Image Credit: Disney/Lucasfilm; via Star Wars News Net
The third-to-last episode of The Clone Wars, ever, released yesterday. I watched it, and today I will be doing a review of it. Titled "The Phantom Apprentice", it is the second part out of four episodes of the final arc about the Siege of Mandalore that actually take place overlapping the events of the film Episode III: Revenge of the Sith.
As a recap of the previous episode, which was titled "Old Friends Not Forgotten" (spoilers for the episode that is before the one I'm reviewing, by the way, by the way), Anakin and Obi-Wan had to go run off to save the Emperor---I mean, *cough cough* Chancellor-- from his Sith co-conspirator--- I mean, Separatist captor---Count Dooku. This, as we know, happens during the movie Revenge of the Sith, and that particular moment ends with someone being decapitated and a particular Chosen One getting even closer to falling to the Dark Side. Meanwhile, what were beloved Clone Wars characters (who weren't yet created, so weren't in the mind of George Lucas at the time of Episode III's release just yet), like Ahsoka Tano and Captain Rex, doing? Well, as the previous episode explains, since Anakin and Obi-Wan couldn't follow Ahsoka to Mandalore to help fight with Bo Katan due to it violating several treatises of the (soon-to-be-replaced) Galactic Republic, Ahsoka had to bring her own legion of clone troopers, including Rex, to help her.
Now, (get ready to read this with a narrator voice, even though the opening narration is gone from this episode) Republic forces led by former-Jedi Ahsoka Tano are aiding Bo Katan in a siege to liberate Mandalore from the clutches of the wicked Maul! Maul, leading multiple crime syndicates (including those we see on-screen in Solo: A Star Wars Story) has them exactly where he wants them, but there's just one problem... Kenobi is nowhere to be seen! With his thirst for vengeance for what happened between Kenobi and him many years ago, he uses his rage and his knowledge of Darth Sidious's plans to resist Ahsoka's plans. That much is pretty obviously set-up by the previous episode's ending, so no spoilers there.
So, as for the episode before. Is it better than the previous episode, which was already groundbreaking in terms of scope, movie-disconnectedness, and story-related high stakes and action? I think so. Action sequences are exciting and continue to be fantastic, the lightsaber duels in particular. In fact, this was the only time I remember this series having literal motion capture(!!!) done by real actors in order to translate the acrobatic lightsaber duel into animated form! That makes sense considering how kinetic and up-close and personal the duels are.
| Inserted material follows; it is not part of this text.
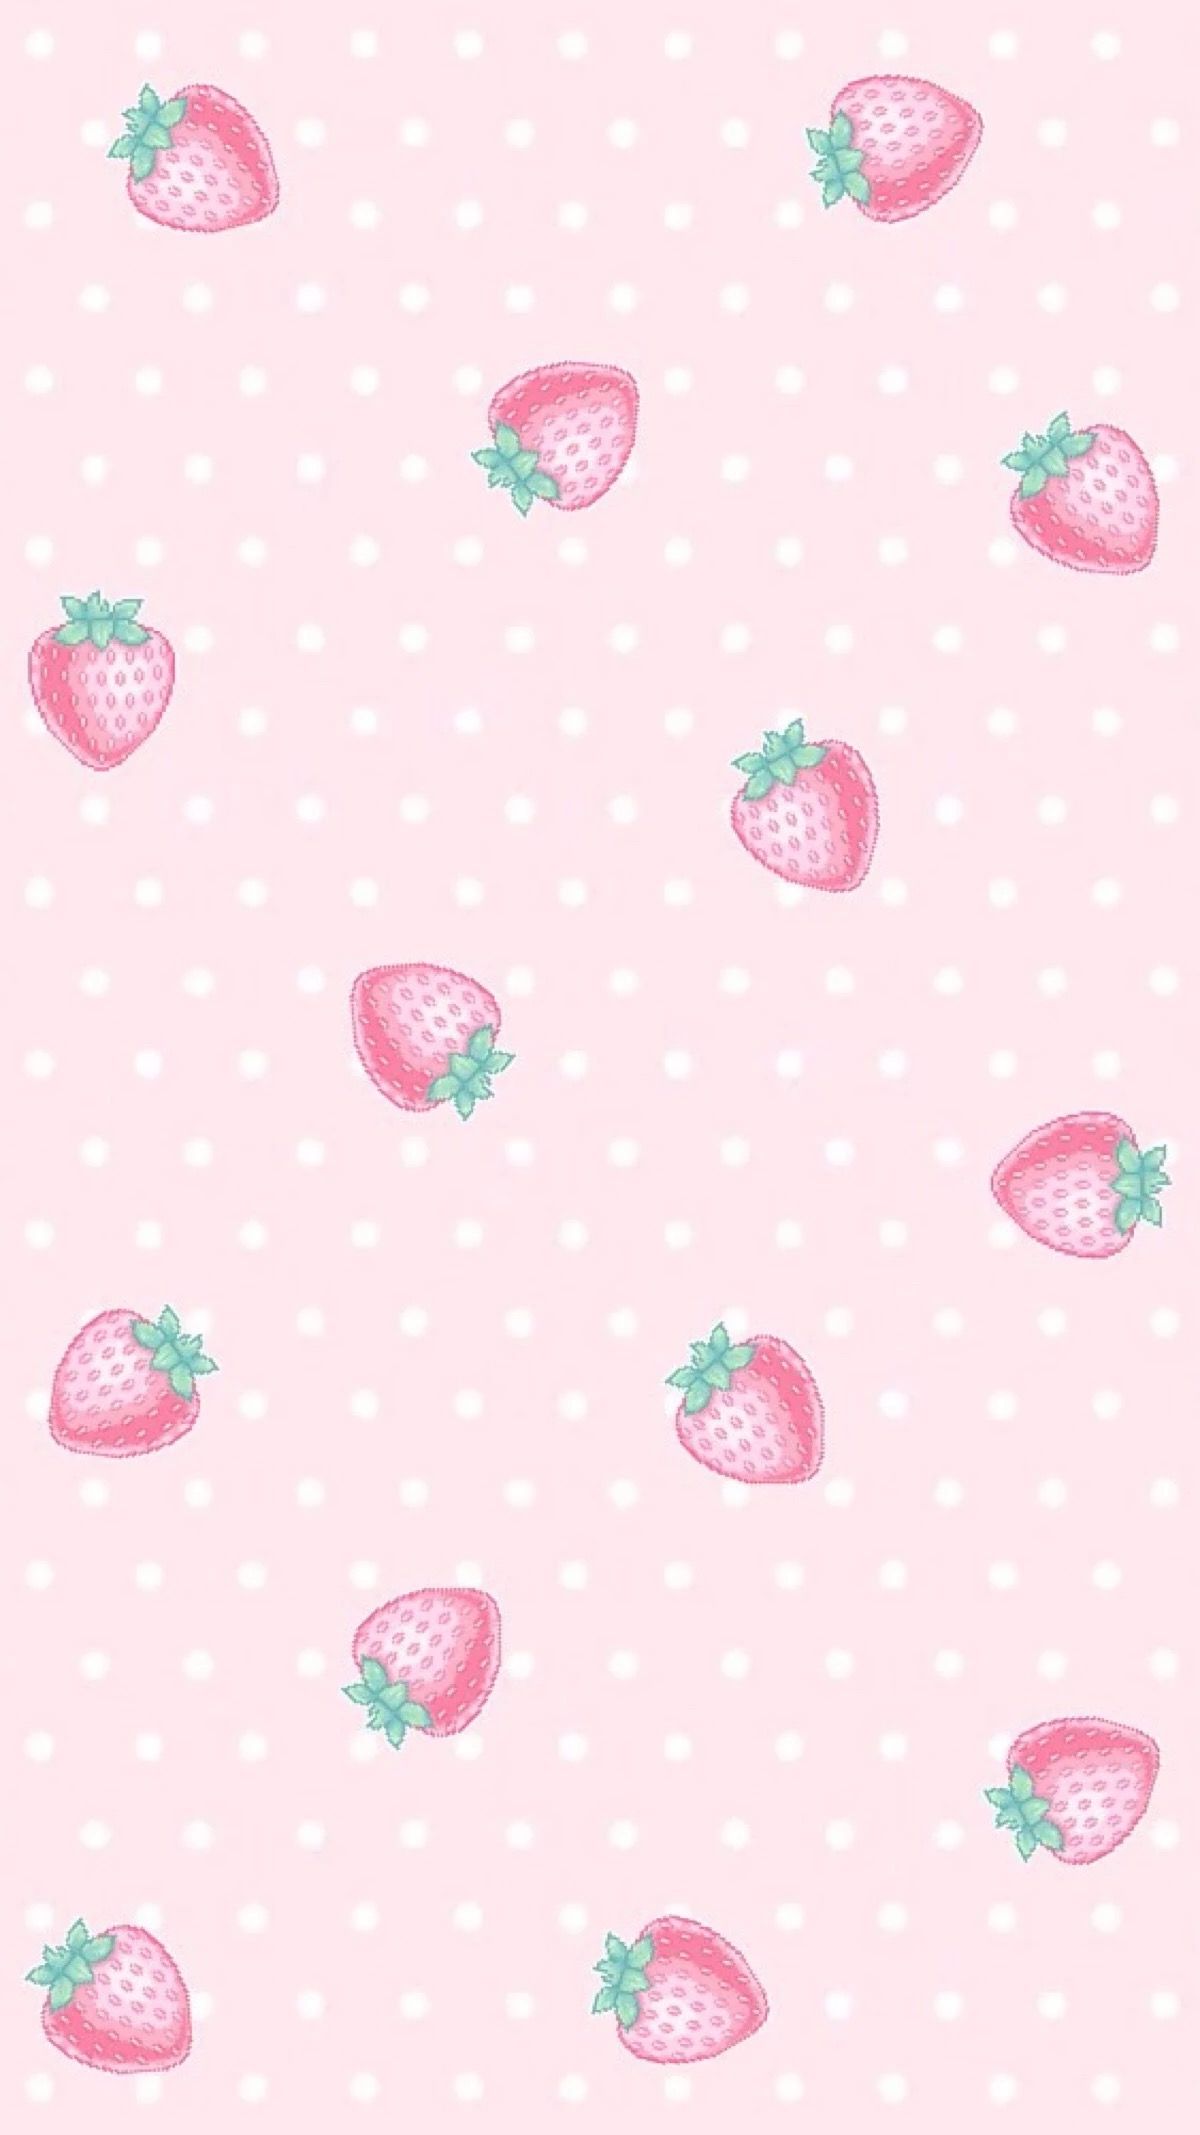 Desktop Kawaii Strawberry Milk Wallpapers - Wallpaper Cave

This episode gives you lots of insight into Maul's intentions and motivations after him being yet another poorly-treated apprentice of Darth Sidious, AKA Sheev Palpatine, the Chancellor-turned-Emperor pulling the strings in just about every single major galaxy-spanning conflict in Star Wars. It's all very interesting and you really come to be fascinated with his character, which was already one of the best characters in Star Wars if only for his actual important and non-lack of dialogue in the animated series and one particular A Star Wars Story film cameo (unlike the entirety of his appearance in The Phantom Menace, which gets a reference in the title of this episode, even if he did look very cool and have a cool duel before getting sliced in half).
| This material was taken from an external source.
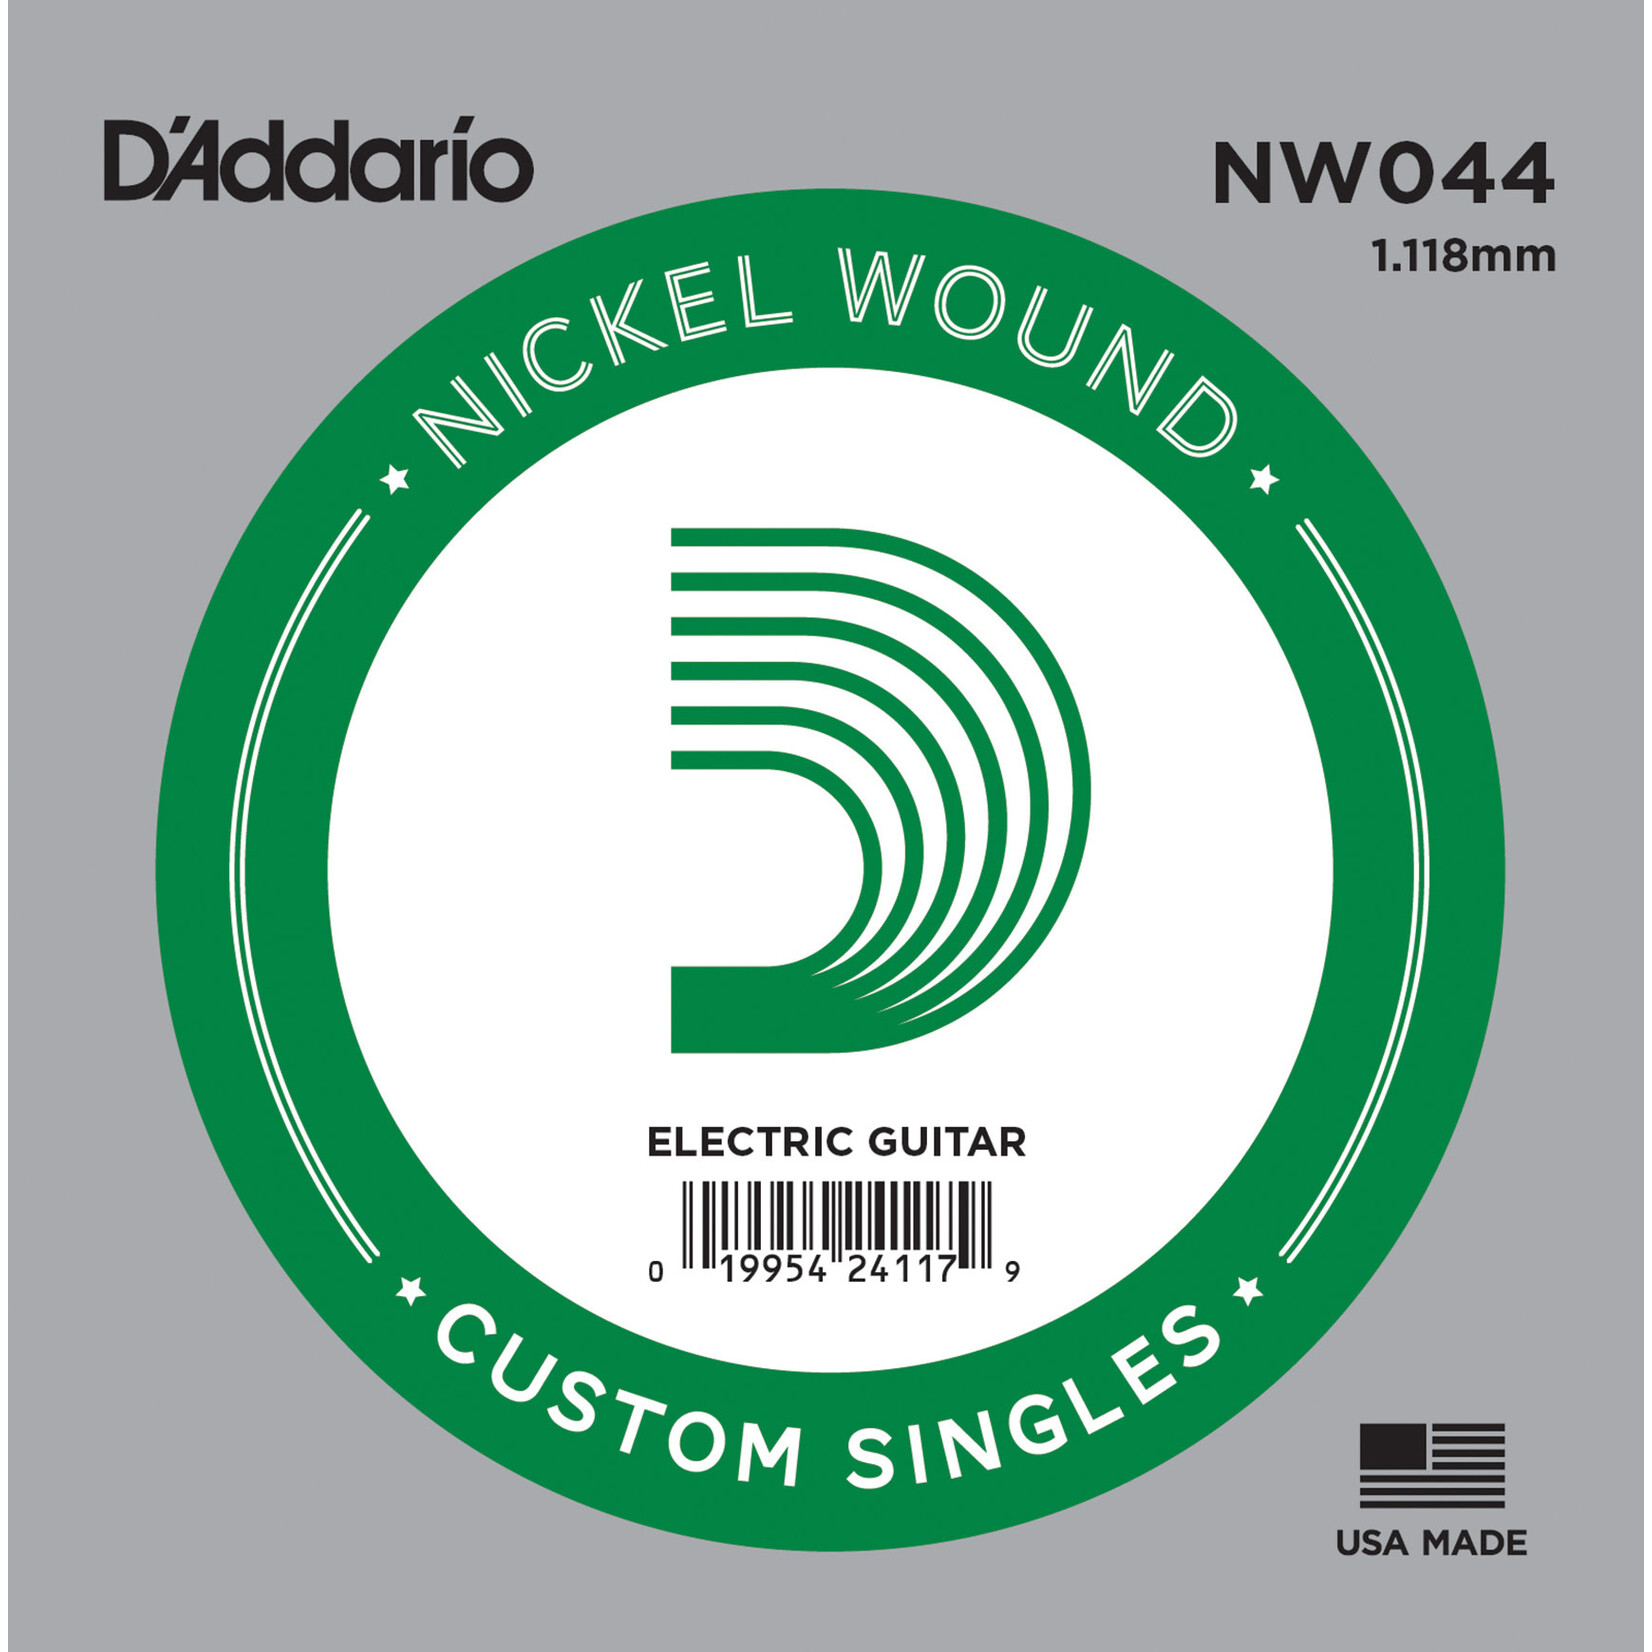 D'Addario D'Addario NW044 Nickel Wound Electric Guitar Single String .044

This episode has lots of important lore events and details, and at multiple points in the episode you get little hints and reminders in the form of hologram FaceTime with everyone's favorite surrogate uncle, Obi-Wan, of what point in Revenge of the Sith the episode's scenes happen during. Not to spoil specifics, but lets just say that when the "Hello there" meme happens, we'll probably get a glimpse in the next episode of Obi-Wan changing his Discord status to "I just shot some cyborg dude in the chest who was coughing a lot and then he caught on fire".
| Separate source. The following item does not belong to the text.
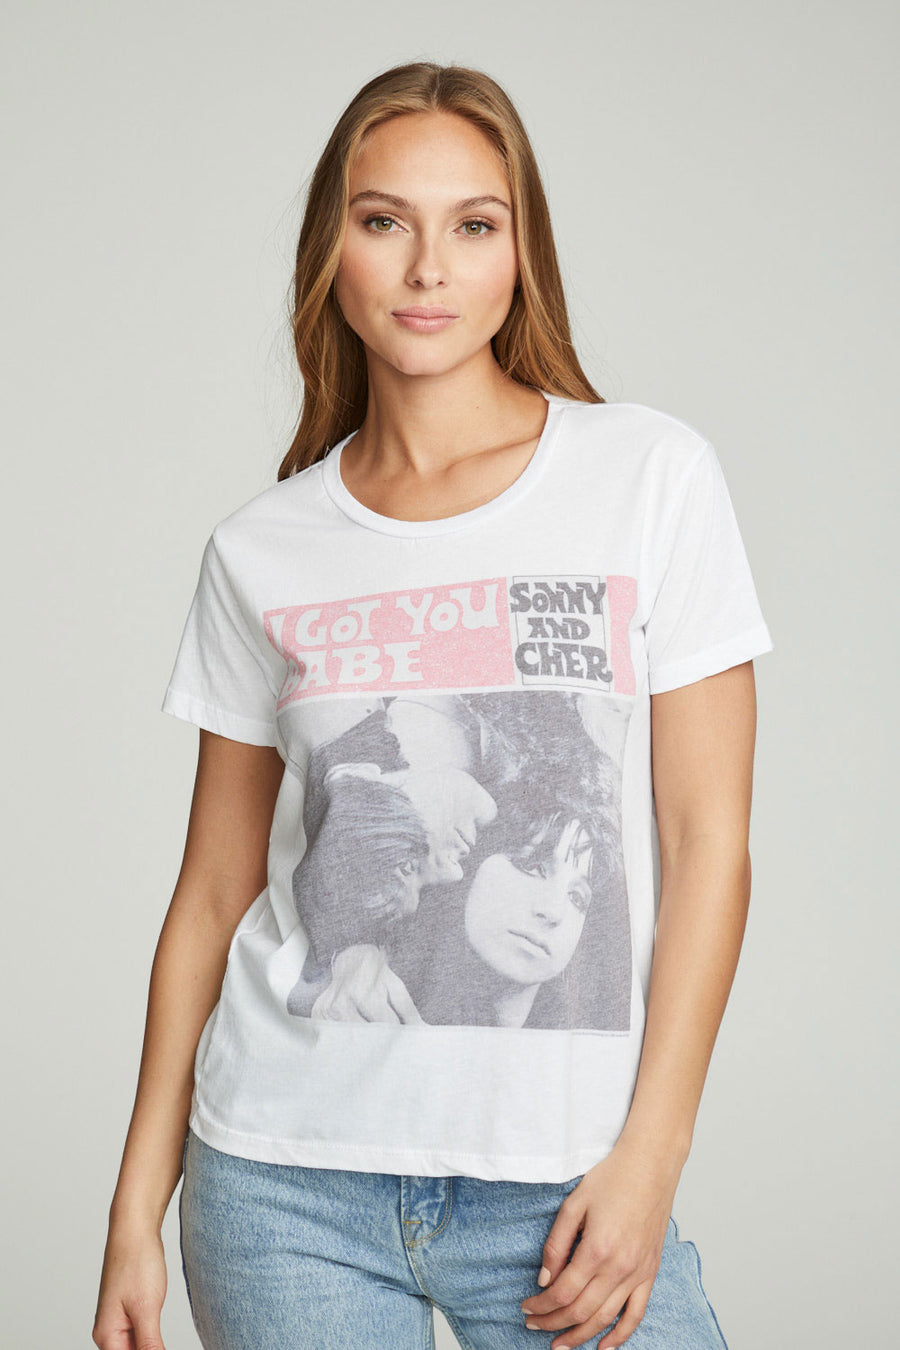 Sonny & Cher - I Got You Babe WOMENS chaserbrand

The action is exciting, and despite Star Wars fans knowing exactly how tragically that all of this will end knowing what goes on during Episode III and comes to pass by the time of the original trilogy, you still care about what happens to these characters who we've watched for a long time and grown connected with and invested in as an audience. It yet again makes people like me ask the question, "If such a good piece of media the length of a film was able to be made about the events of the prequels, then why did much of the prequels turn out the way it did?" I still was on the edge of my seat at multiple moments during my viewing of this episode with my little brother on Friday afternoon, and I suspect that it will all culiminate in an explosive finale that will knock all of our socks off in the remaining two episodes, and also let us hear these three chilling words spoken with more emotional context than the prequels could ever give: "Execute Order 66."
On a side note, the animation, down to its lighting and the kinetic motion of the characters, is actually noticeably better than usual. So yeah, this episode is phenomenal and then some. If I had to give it a score from 0 to 100, I'd give it a 95. That's potentially the flipped version of a score I could have given a live action Star Wars film with the word "clones" in it. So yes, you should go watch it. Now. I have spoken.
That's it for this post. I hope you're all staying healthy and safe. A massive thanks to all of those who are helping things get better! Happy Ramadan, or Ramadan Mubarak, for those who celebrate it. This is Arca, signing off. May the Force be with us all.